Biosimilars Approvals in the US: The Path Forward - An in-depth analysis of the patent provisions of the new legislation. - BioPharm International


Biosimilars Approvals in the US: The Path Forward
An in-depth analysis of the patent provisions of the new legislation.

BioPharm International
Volume 23, Issue 9

Patent Challenges

The intensity of the debate around the exclusivity provisions was matched only by the equally intense support among most stakeholders for a patent-challenge process tied to the FDA's regulatory review process. A general consensus emerged among most stakeholders that early patent challenges should be encouraged, but there was no comparable emphasis on adopting a mechanism for concluding litigation. The result was a proverbial patent thicket—ironically, one that presents unique challenges for biotech patent holders and biosimilar sponsors alike.

For a biosimilar sponsor, the law imposes an unprecedented mandate to turn over its complete BLA and its entire manufacturing process to its direct competitor within 20 days of filing of the application by the FDA. This disclosure occurs some six-to-nine months before patent litigation is initiated in Federal court with attendant judicial oversight of the process.

For biotech patent holders, the law effectively compels patentees to put their entire patent estate at risk prematurely—when a biosimilar application is filed and potentially long before it enters the market—and imposes unprecedented limitations on enforcement of their rights for any patent not put at risk. These results flow from just a few of the many intricate aspects of the new law's patent-challenge process. First, there is a mandate that the reference BLA holder "shall" provide the biosimilar sponsor—within 60 days of receiving its application and manufacturing process—a list of all patents under which the BLA holder believes a patent-infringement claim reasonably could be asserted against a party making, using, offering to sell, selling, or importing into the US the biosimilar product. Second, to encourage full disclosure of a comprehensive patent list, the new law provides that the owner of any patent not disclosed on a timely basis, i.e., on the initial list or a supplemental list provided within 30 days of a later-acquired patent being issued or in-licensed, is statutorily precluded from enforcing that patent-infringement litigation against the biosimilar applicant.

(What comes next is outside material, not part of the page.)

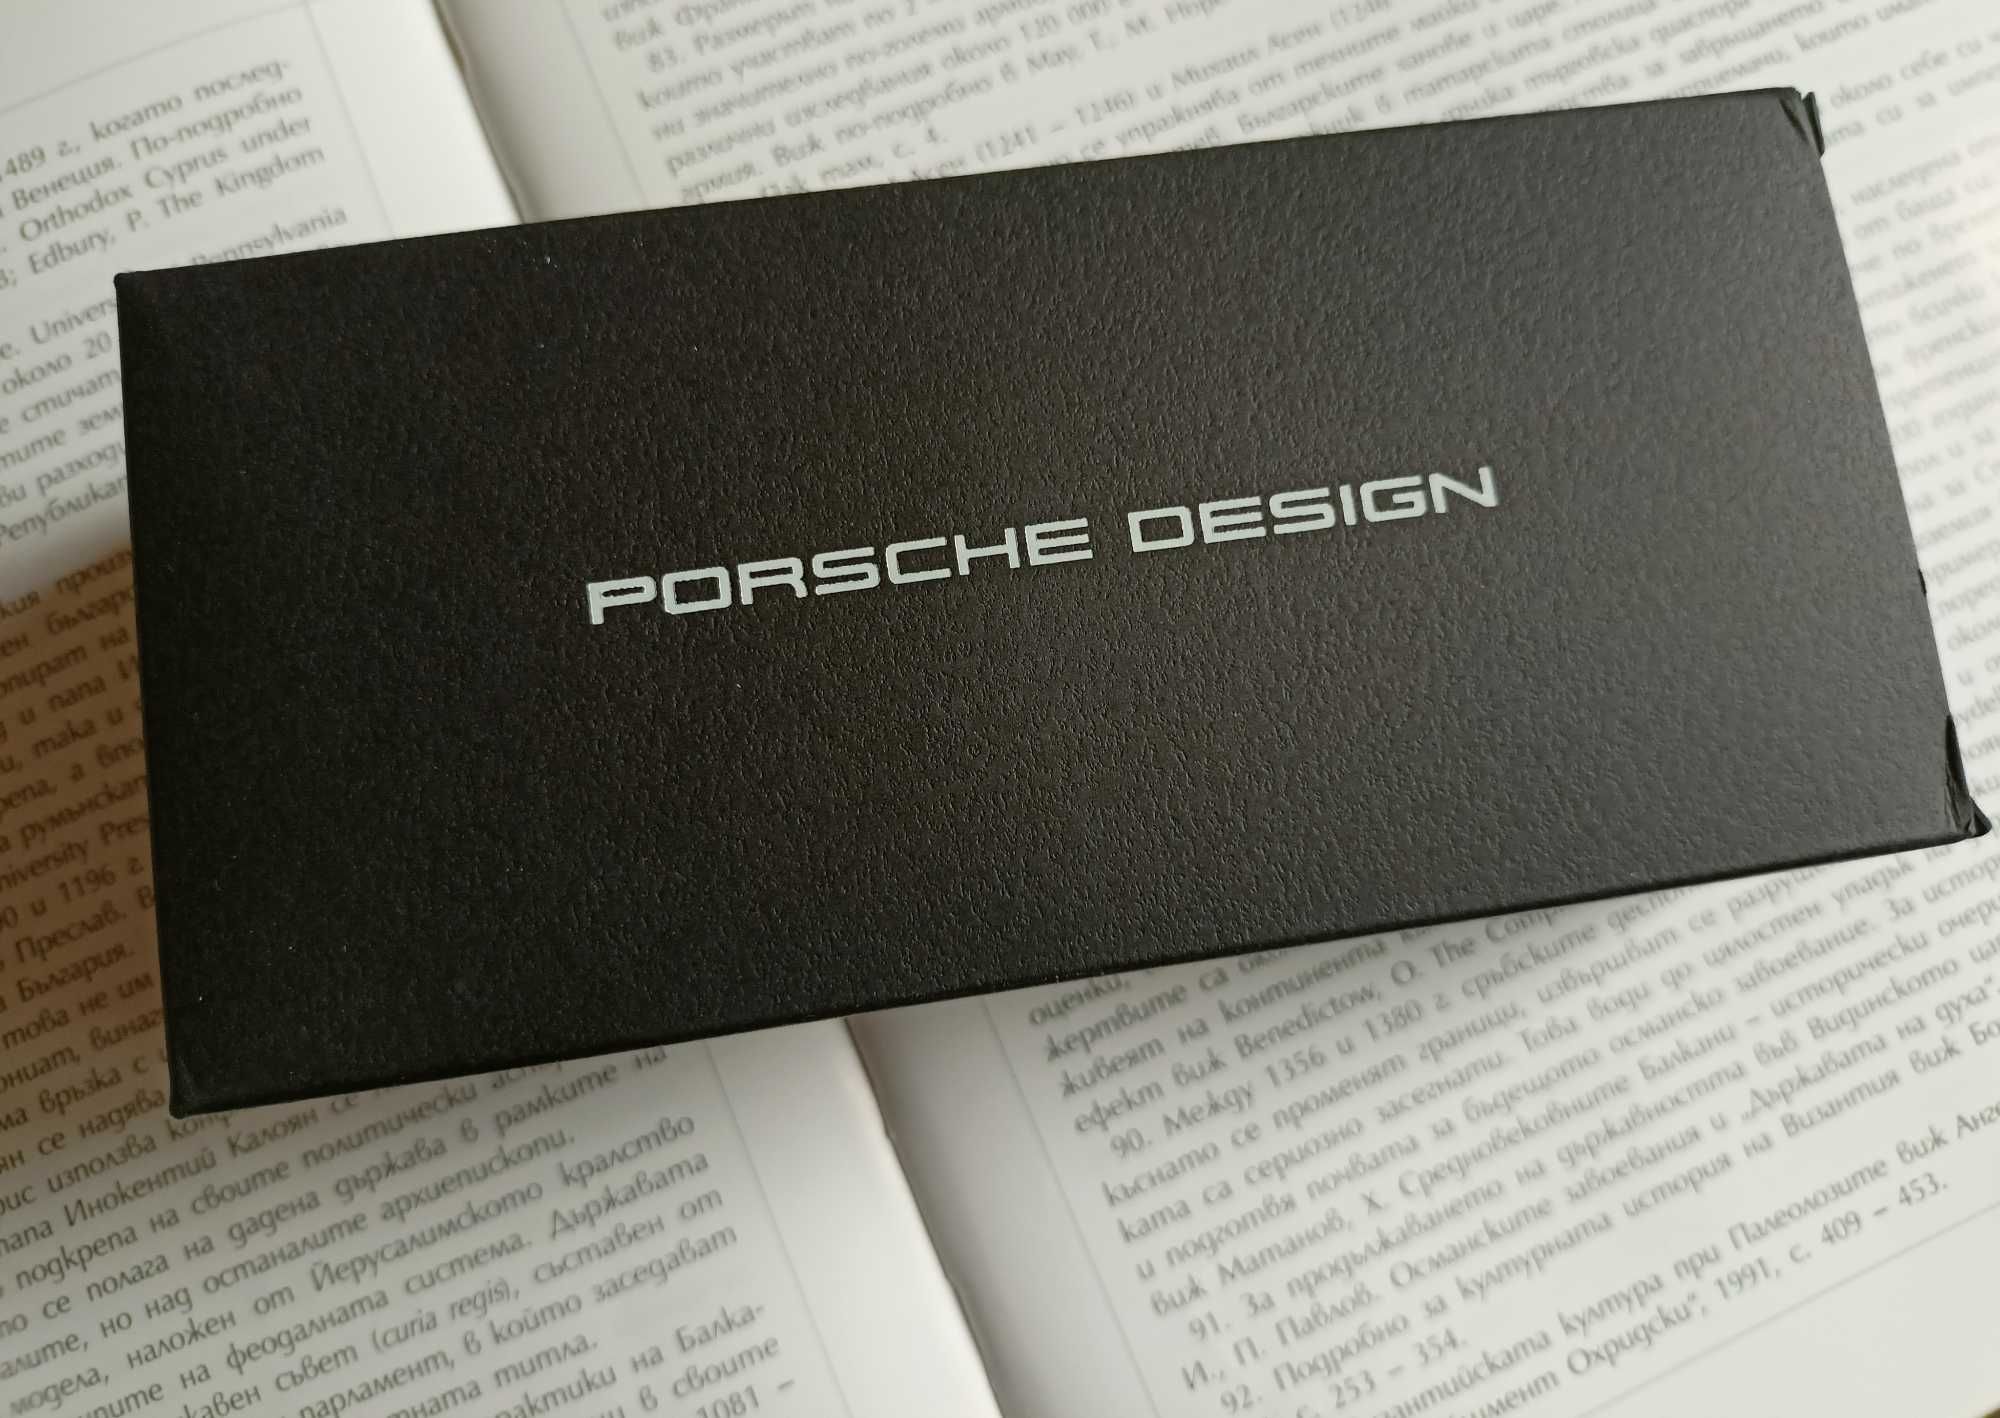 Нови слънчеви очила Porsche Design, огледални, олекотени, авиатор стил

Finally, even for timely disclosed patents, if the statutory timelines are not followed (with litigation initiated before expiry of the relevant 30-day statutory window) or if timely litigation is dismissed without prejudice, the sole and exclusive remedy for infringement is a reasonable royalty. Consequently, biotech patentees confront a real Hobson's choice—either list and risk all patents or "hold back" one or more patent(s) having substantially diminished value. Like so much else in the law's intricate patent provisions, these unparalleled curbs on patent rights create an unlevel playing field for biotech-patent enforcement and are likely to trigger any number of legal and constitutional challenges that will divert resources to a potential plethora of lawsuits spawned by this convoluted new patent-challenge process. None of these outcomes is good for any segment of the biopharmaceutical industry, and all of them represent unsound IP public policy.

The fundamental flaw in the BPCIA's patent-challenge provisions and the one repeatedly underscored both by the Federal Trade Commission in recommending against their adoption and by the one stakeholder that consistently opposed their enactment is that for the first time in the history of the biotechnology industry, biotech patent challenges are tied directly to the initiation of the regulatory review and approval process.4 This ill-considered approach, however, applies only to biosimilar applications; it does not apply to traditional BLAs. In addition to codifying an overarching disparity across patent-enforcement regimes in the biotechnology industry, the approach creates perverse incentives. Sponsors that otherwise might submit biosimilar applications may undertake the additional regulatory burden of submitting a traditional BLA to avoid the unprecedented requirements and inherent complexities of the biosimilar patent-challenge provisions. Like any other traditional BLA applicant, such a sponsor then would have much greater control over its own destiny in terms of any patent disputes. It could take steps to defer litigation until the postapproval phase, or it could potentially initiate an action during the preapproval phase.